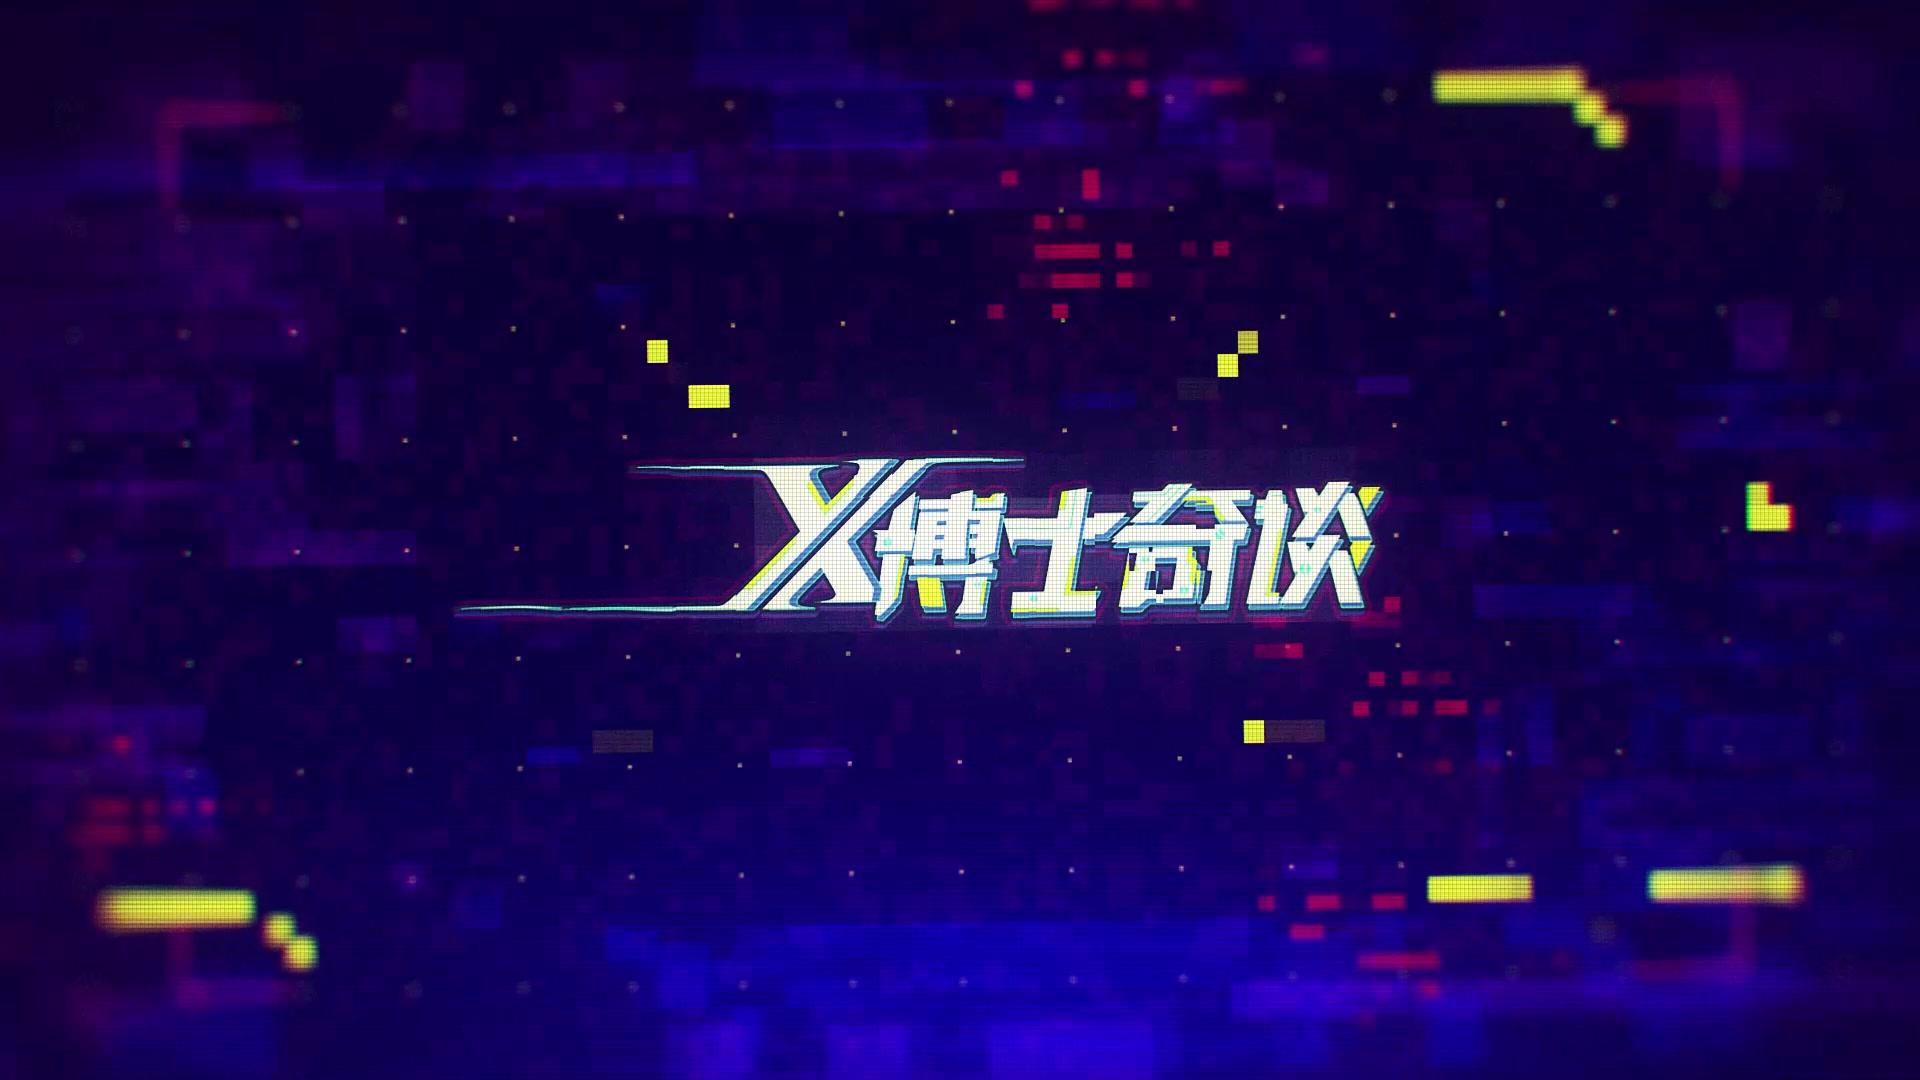 金庸神作!改编中国史上最强武侠游戏畅销超百万,传承至今25年!
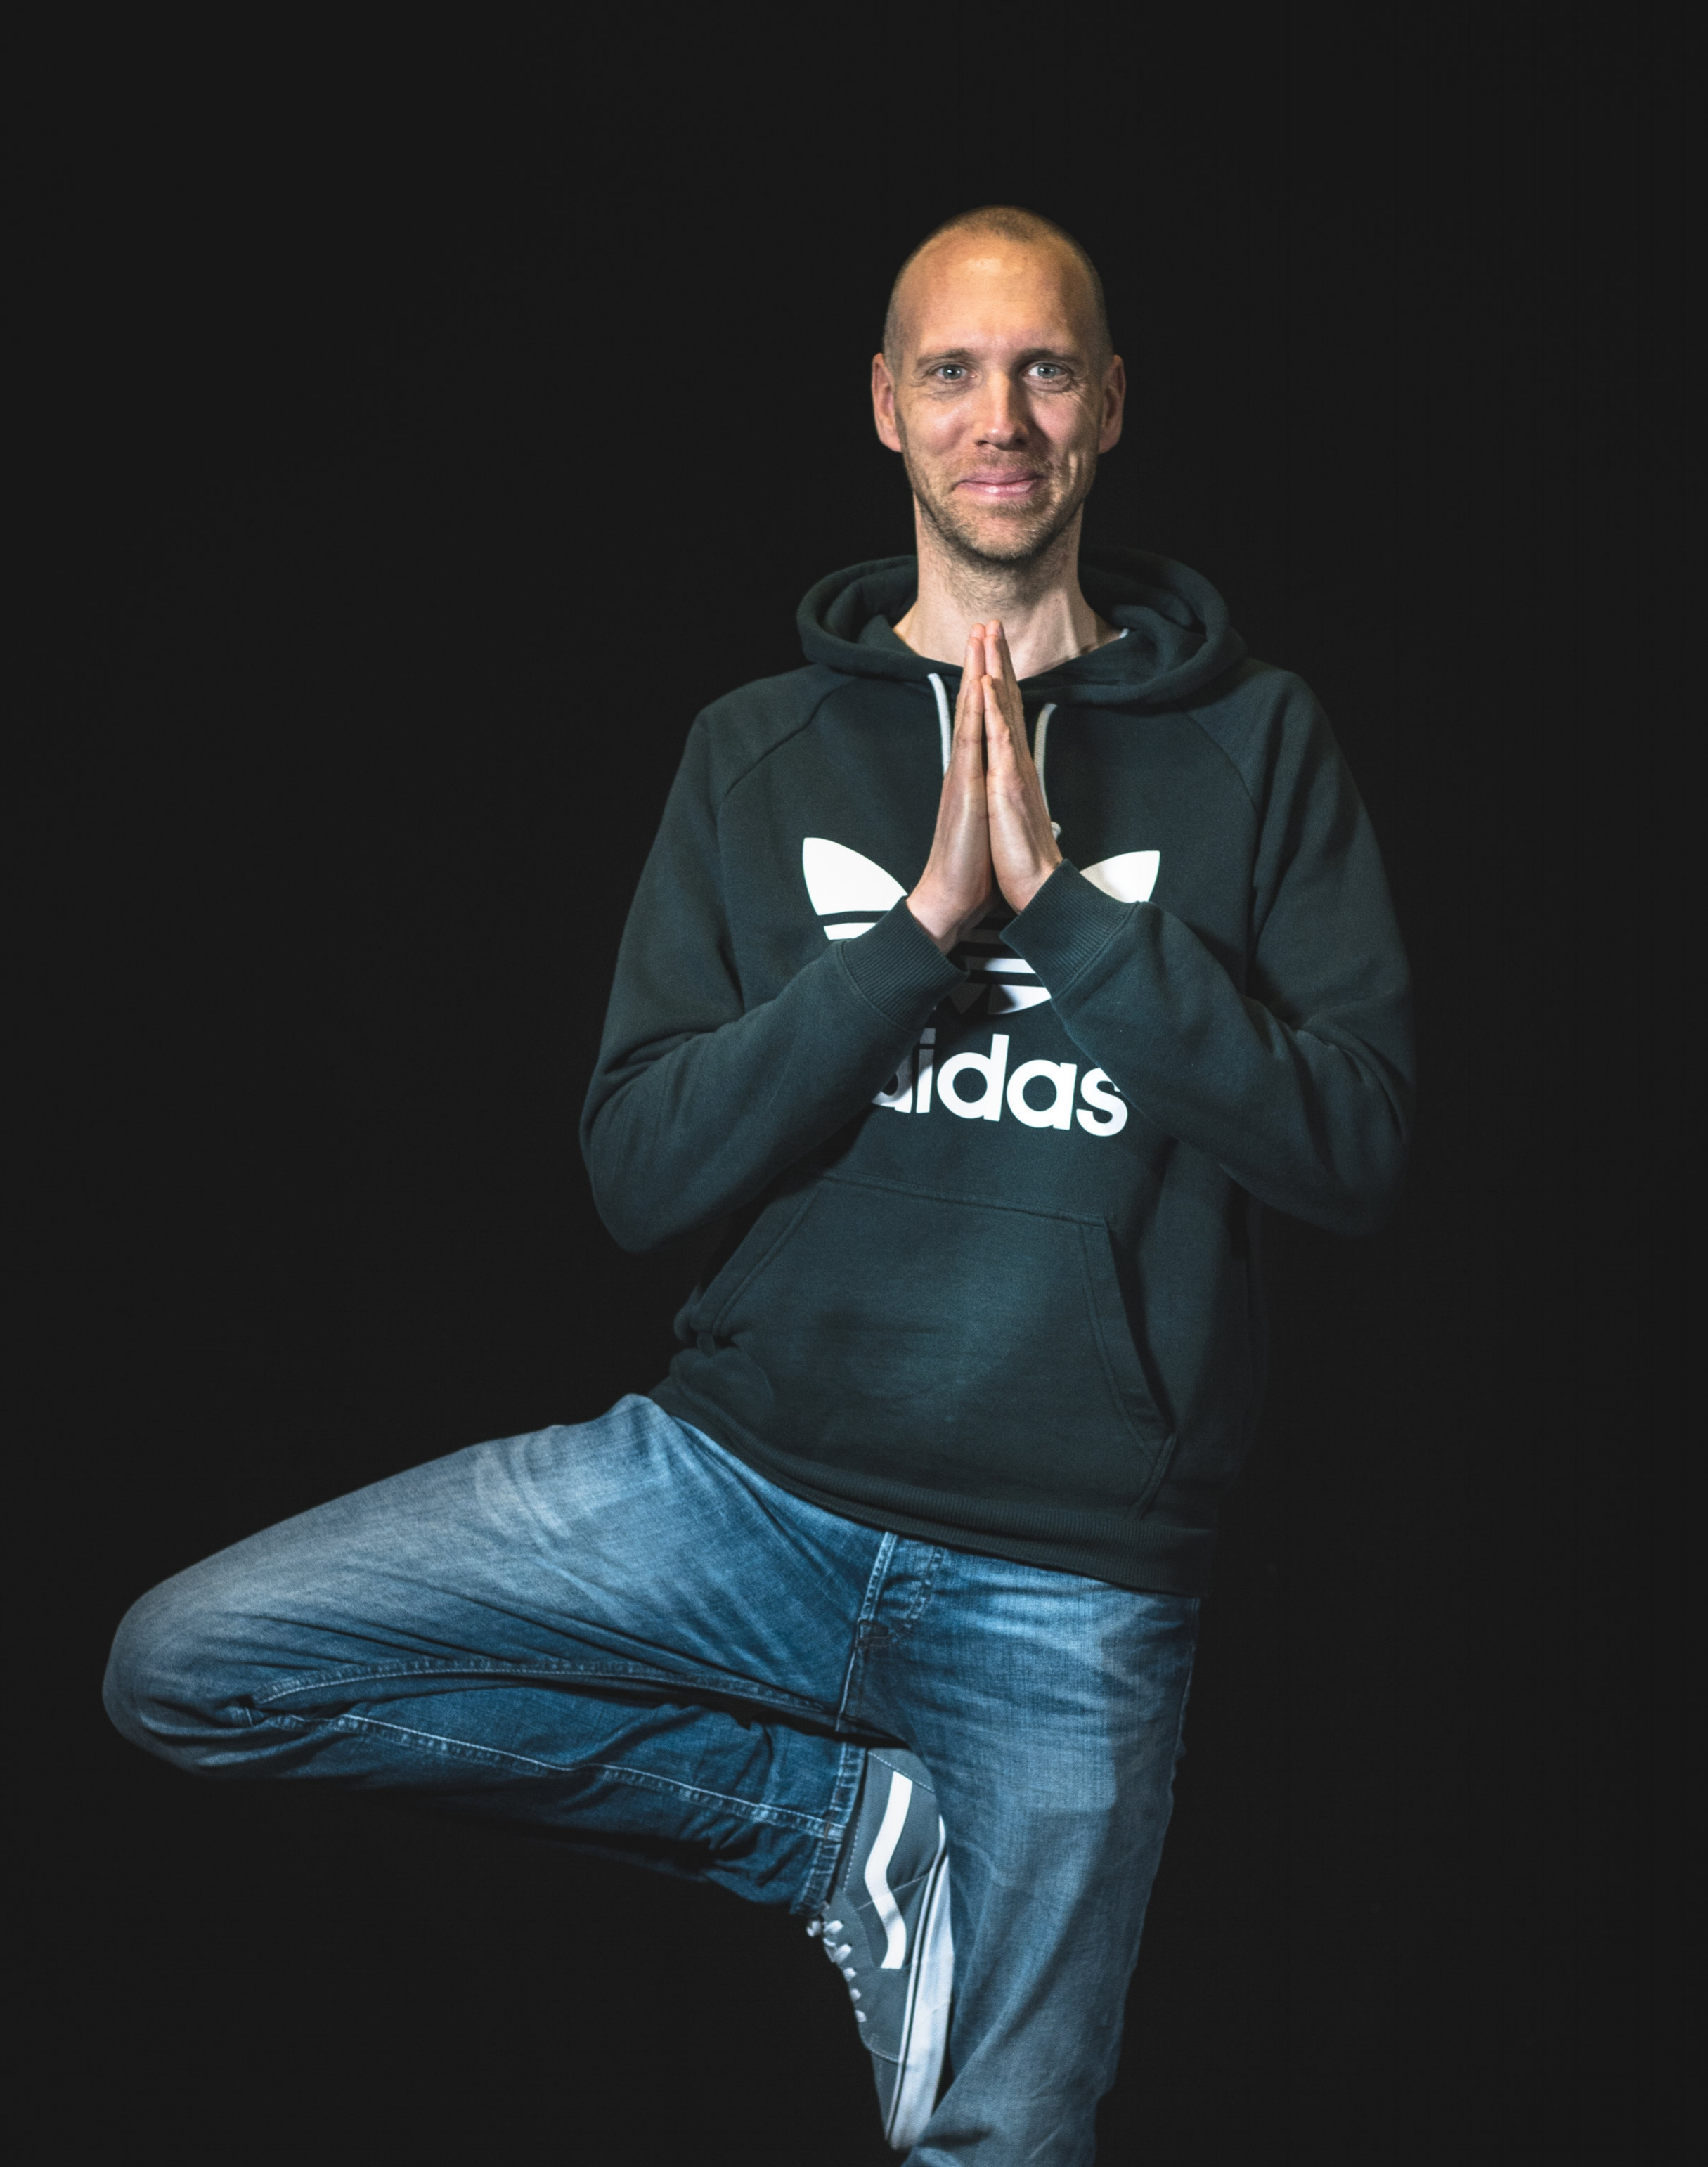 Rohan te Wierik   Omdat ik - eenmaal afgestudeerd en met een fulltime baan in de media - sporten in de sportschool niet leuk vond en niet meer kon hardlopen door een knieblessure, ben ik acht jaar geleden aan yoga gaan doen. Al oefenend kwam ik erachter dat yoga voor mij niet alleen de manier is om mijn lichaam leniger te maken en mijn gedachten tot rust te brengen, maar ook dat ik er veel plezier in had. Daarom ben ik de opleiding tot kinderyoga docent gaan doen bij de Jip en Jan opleidingen. Daarnaast volgde ik trainingen in mindfulness en zelfcompassie. Wat ik in deze trainingen geleerd heb neem ik mee in mijn yogalessen.  Kinderen hebben al vroeg last van prikkels, drukte en keuzestress. Yoga helpt kinderen omdat het ze leert naar hun lichaam te luisteren zonder dat er competitie in het spel is. Zo leren ze hun eigen grenzen herkennen en aangeven. Dat helpt ze in het dagelijks leven. Ze hoeven niet de beste te zijn, ze mogen bij yoga helemaal zichzelf zijn.
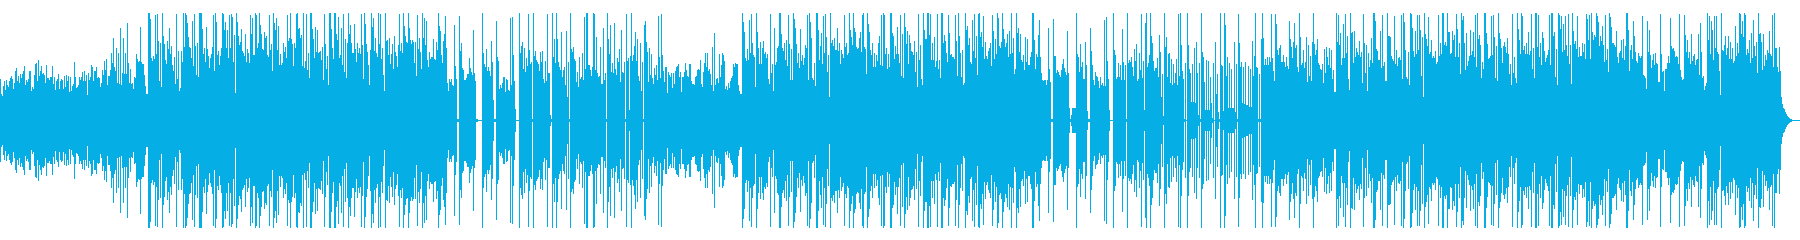 かっこいいニューソウル R&B 夕暮れの再生済みの波形

Task description: Each line above is to be repeated exactly as written; no picture is carried over.

Reply:
 金庸神作!改编中国史上最强武侠游戏畅销超百万,传承至今25年!
 Rohan te Wierik   Omdat ik - eenmaal afgestudeerd en met een fulltime baan in de media - sporten in de sportschool niet leuk vond en niet meer kon hardlopen door een knieblessure, ben ik acht jaar geleden aan yoga gaan doen. Al oefenend kwam ik erachter dat yoga voor mij niet alleen de manier is om mijn lichaam leniger te maken en mijn gedachten tot rust te brengen, maar ook dat ik er veel plezier in had. Daarom ben ik de opleiding tot kinderyoga docent gaan doen bij de Jip en Jan opleidingen. Daarnaast volgde ik trainingen in mindfulness en zelfcompassie. Wat ik in deze trainingen geleerd heb neem ik mee in mijn yogalessen.  Kinderen hebben al vroeg last van prikkels, drukte en keuzestress. Yoga helpt kinderen omdat het ze leert naar hun lichaam te luisteren zonder dat er competitie in het spel is. Zo leren ze hun eigen grenzen herkennen en aangeven. Dat helpt ze in het dagelijks leven. Ze hoeven niet de beste te zijn, ze mogen bij yoga helemaal zichzelf zijn.
 かっこいいニューソウル R&B 夕暮れの再生済みの波形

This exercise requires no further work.